A&K Cooperage was established in Higbee, Missouri in 1972 as a keg business by D.L. Andrews and his son-in-law Dale Kirby. They initially produced 5- to 20- gallon kegs but began concentrating on manufacturing 59-gallon American white oak barrels. In 1988 they were involved in a court case and hired a New York attorney before they could collect $23,000 for a shipment of 200 barrels from a client who failed to make payment.
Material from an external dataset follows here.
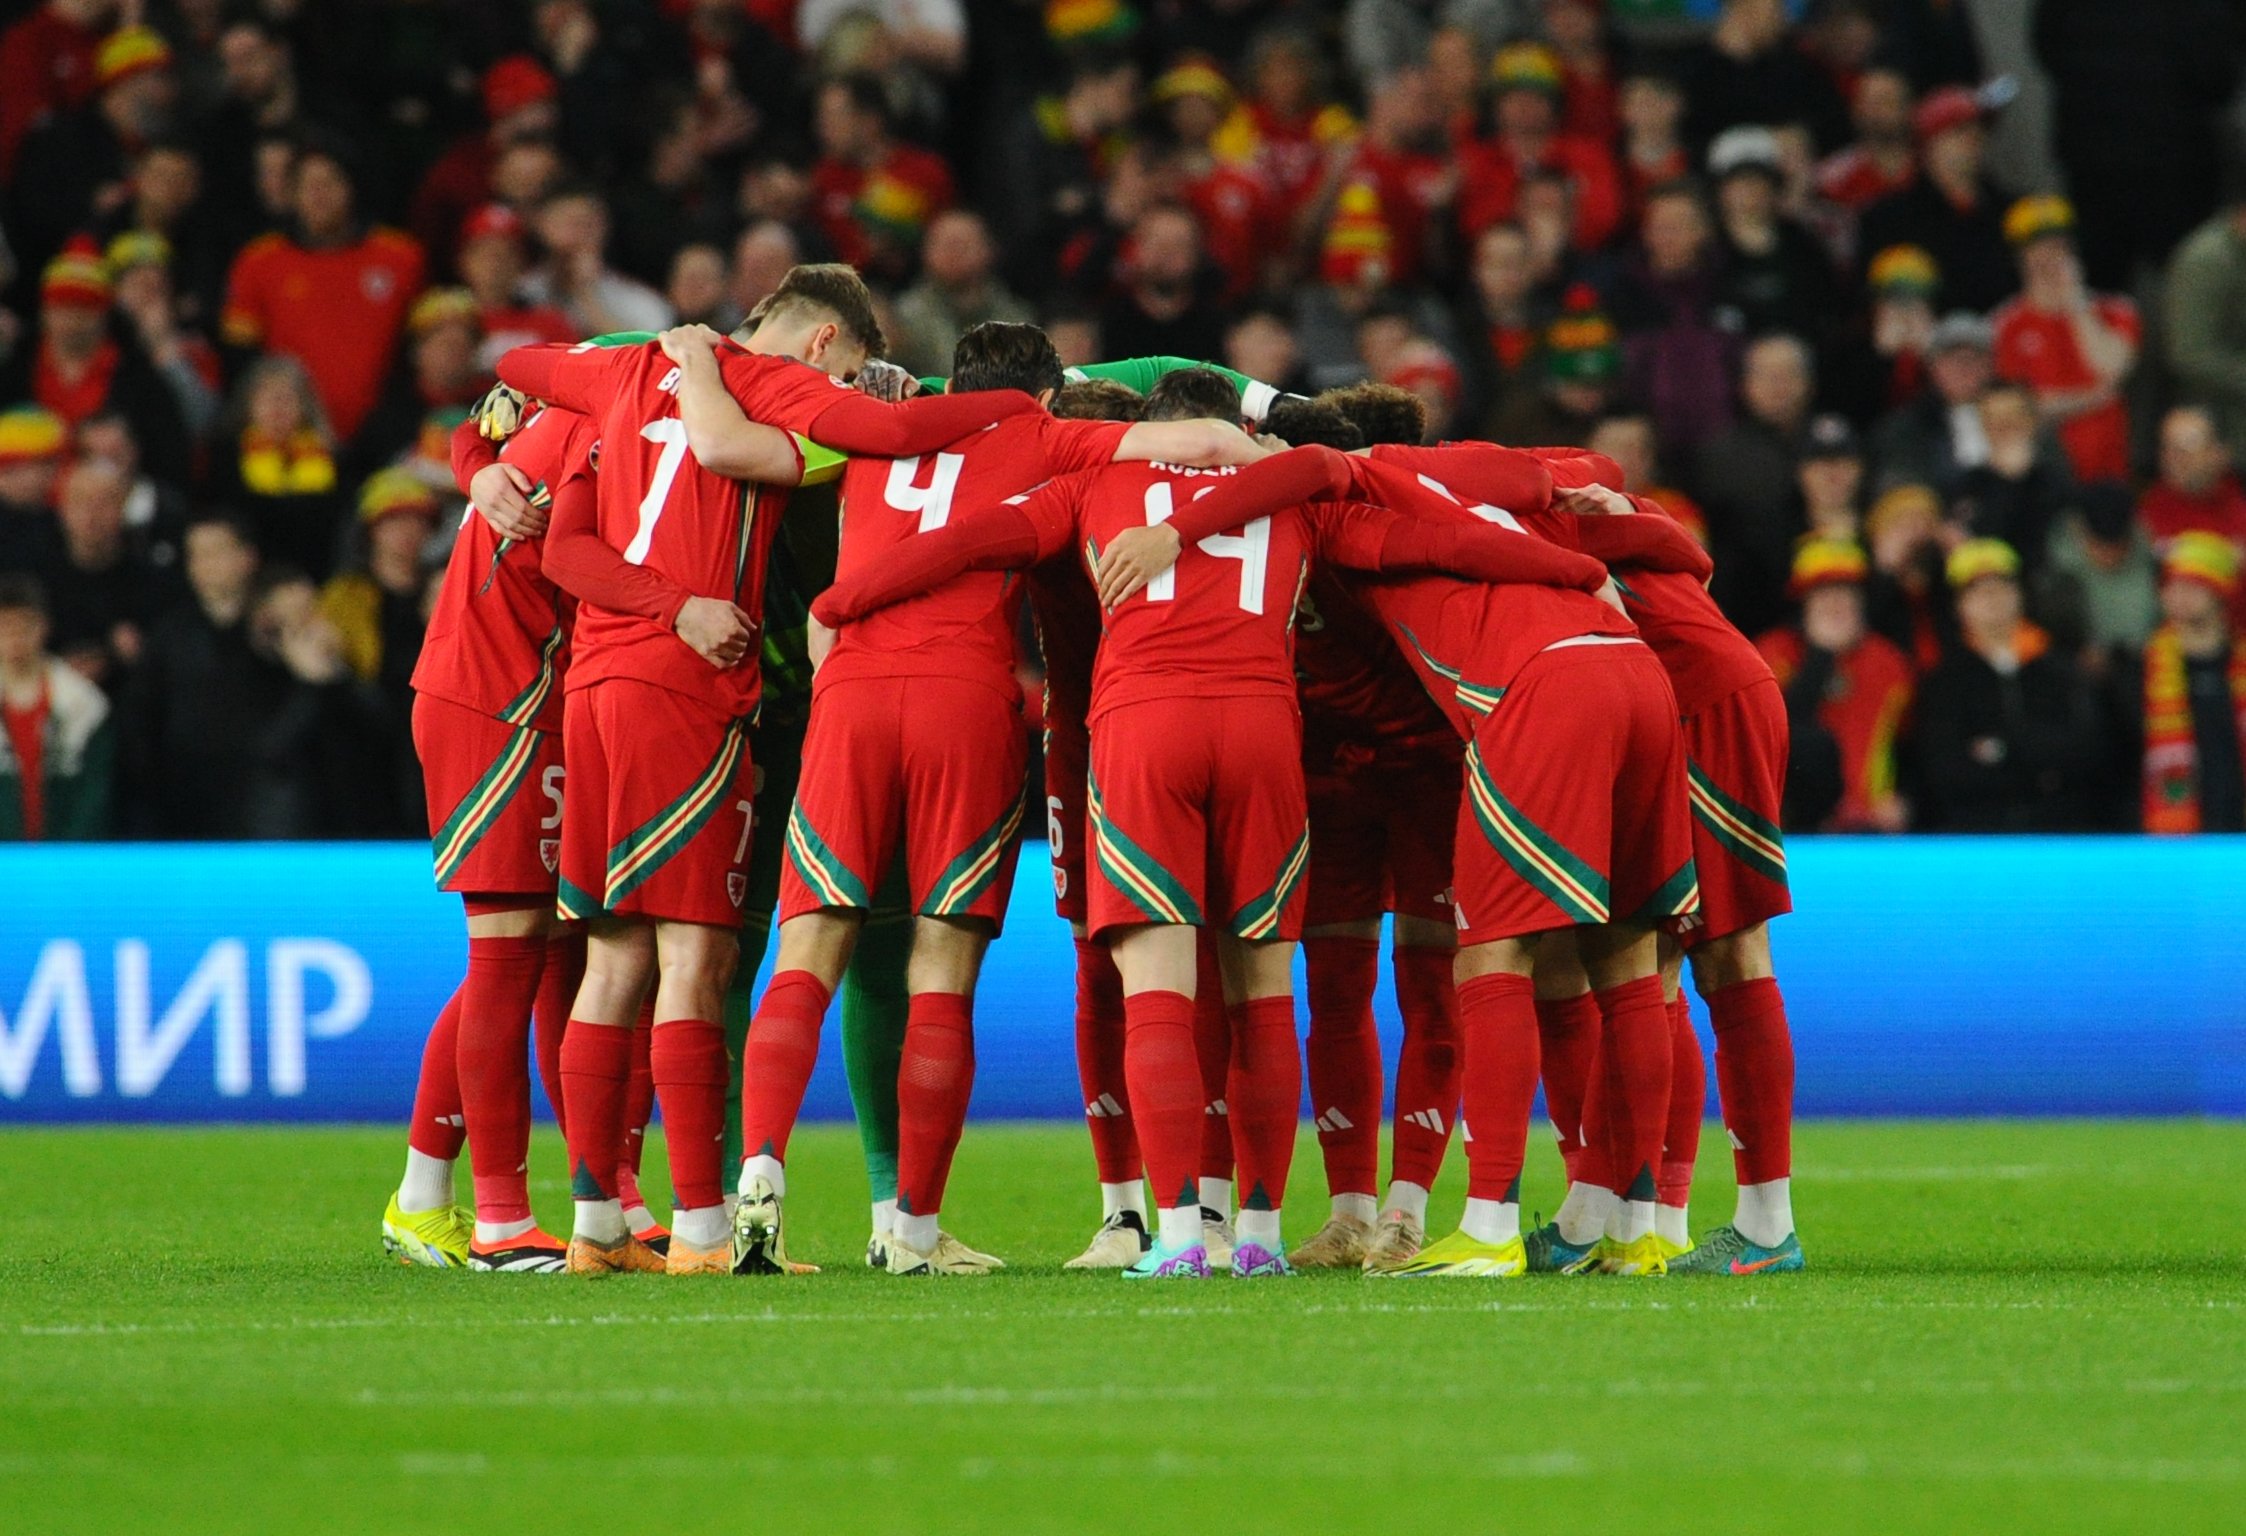 Wales have a team talk prior to kick off

Andrews died in 1996, leaving Dale Kirby and son, Matthew, to run the business. As a major supplier to Silver Oak Cellars, a top winery in northern California producing Cabernet Sauvignon, in 2000, A&K Cooperage formed an agreement with Silver Oak who bought out half the company. They also purchased several hundred acres of timberland to maintain production. Today the company produces about 3000 out of some 5000 barrels annually exclusively for Silver Oak. In the 2000s, the company has aimed to expand its clientele to smaller and mid-sized wine producers, and since 2007 has used lasers to etch winery logos on the heads of the barrels they make. The barrels have been used by several successful wineries who have won national and prestigious industry awards for their wines and have attributed A&K Cooperage in aiding the quality of their wines, including Silver Oak Cellars.

==Production==
The Oak Cooperage has been producing 60 (59) gallon barrels, but they also make 30, 48, and 70 gallon barrels of both American and French oak. They are made in the European tradition, treating the American oak wood with a process known as fire bending, toasted over an oak fire, which renders the wood more pliable. The barrels are then air-dried for approximately 18 to 24 months, but up to 36 months. The source of the oak is the forests in northern Missouri and Kentucky. The barrels typically have eight galvanized hoops and can be free of char due to the mild slow burning process of barrel making. Shipments are then sent to their clients, which in 1982 was stated to be with minimum orders of 25 barrels.